Task instructions: Write out every entry exactly as given, but omit the pictures.

Record excerpts:
***

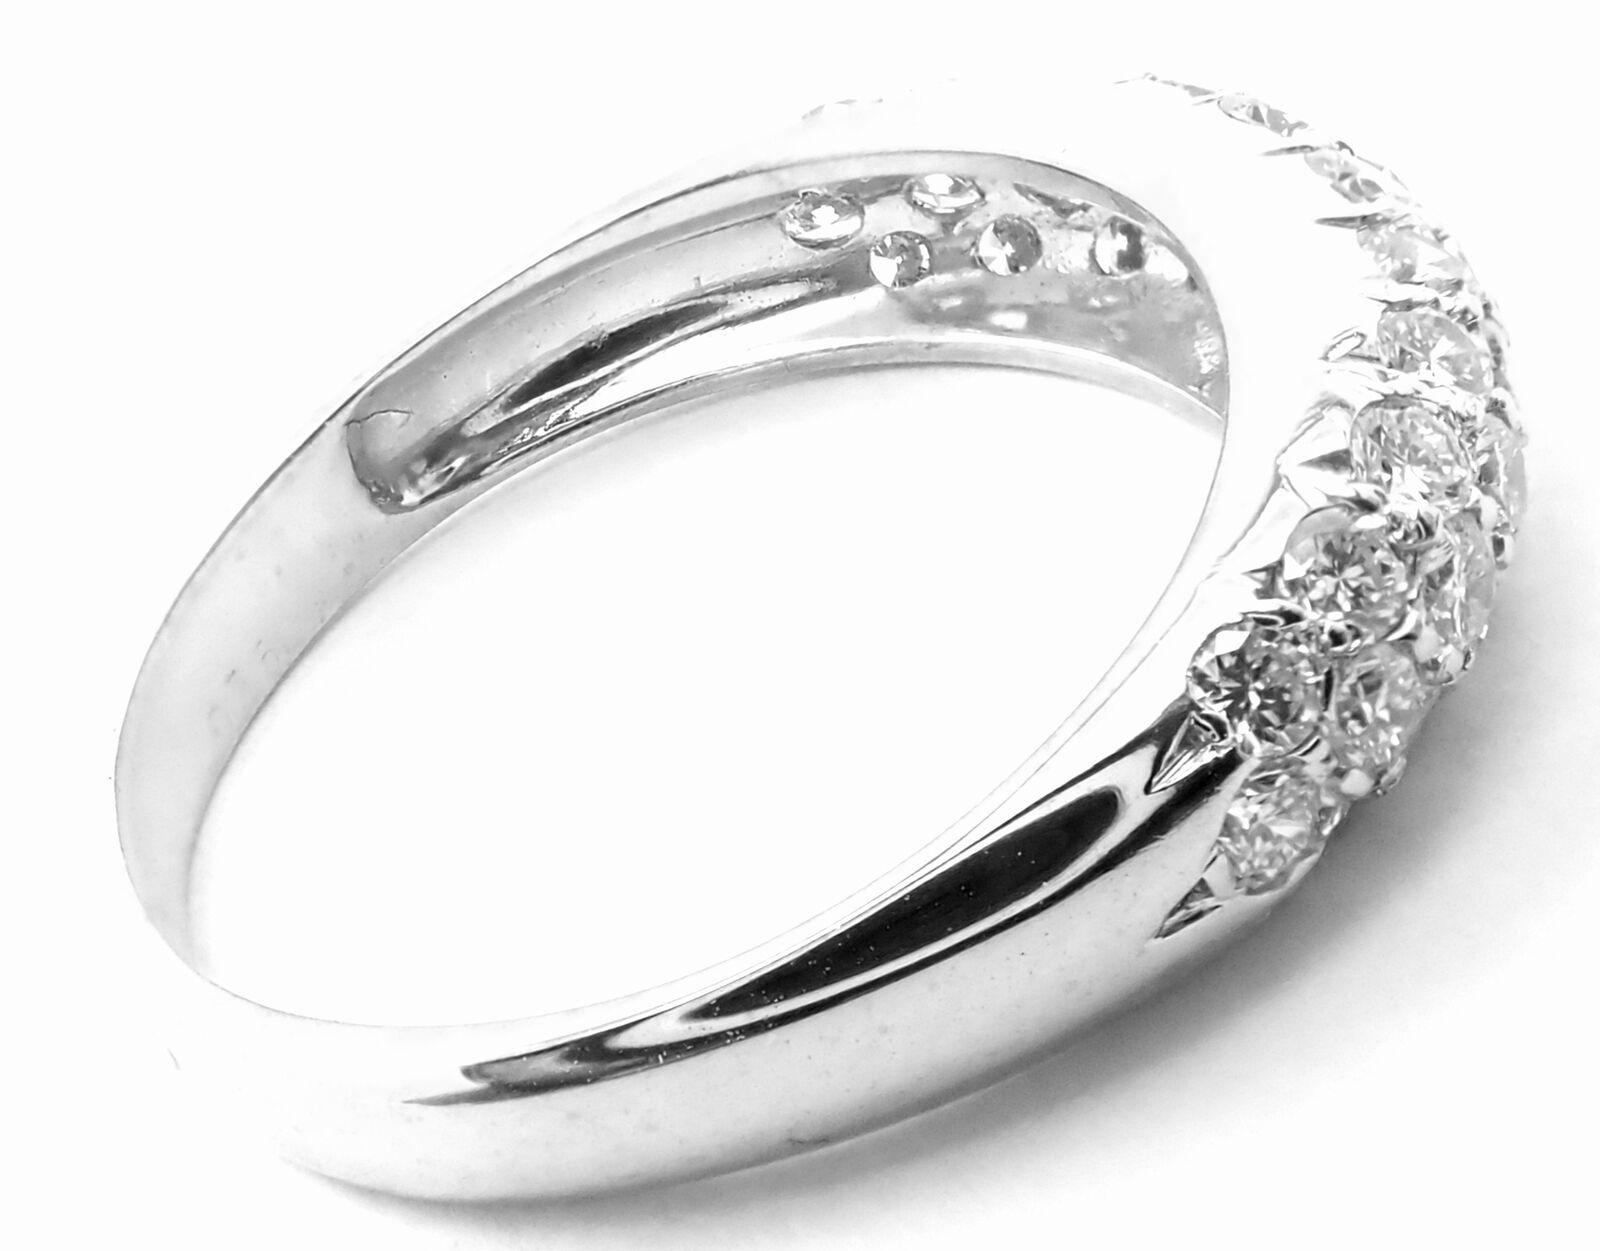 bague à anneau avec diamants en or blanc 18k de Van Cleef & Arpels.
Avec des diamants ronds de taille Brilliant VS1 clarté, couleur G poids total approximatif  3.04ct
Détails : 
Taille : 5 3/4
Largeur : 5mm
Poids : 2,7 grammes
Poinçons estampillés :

***

Answer for this exercise:
 bague à anneau avec diamants en or blanc 18k de Van Cleef & Arpels.
Avec des diamants ronds de taille Brilliant VS1 clarté, couleur G poids total approximatif  3.04ct
Détails : 
Taille : 5 3/4
Largeur : 5mm
Poids : 2,7 grammes
Poinçons estampillés :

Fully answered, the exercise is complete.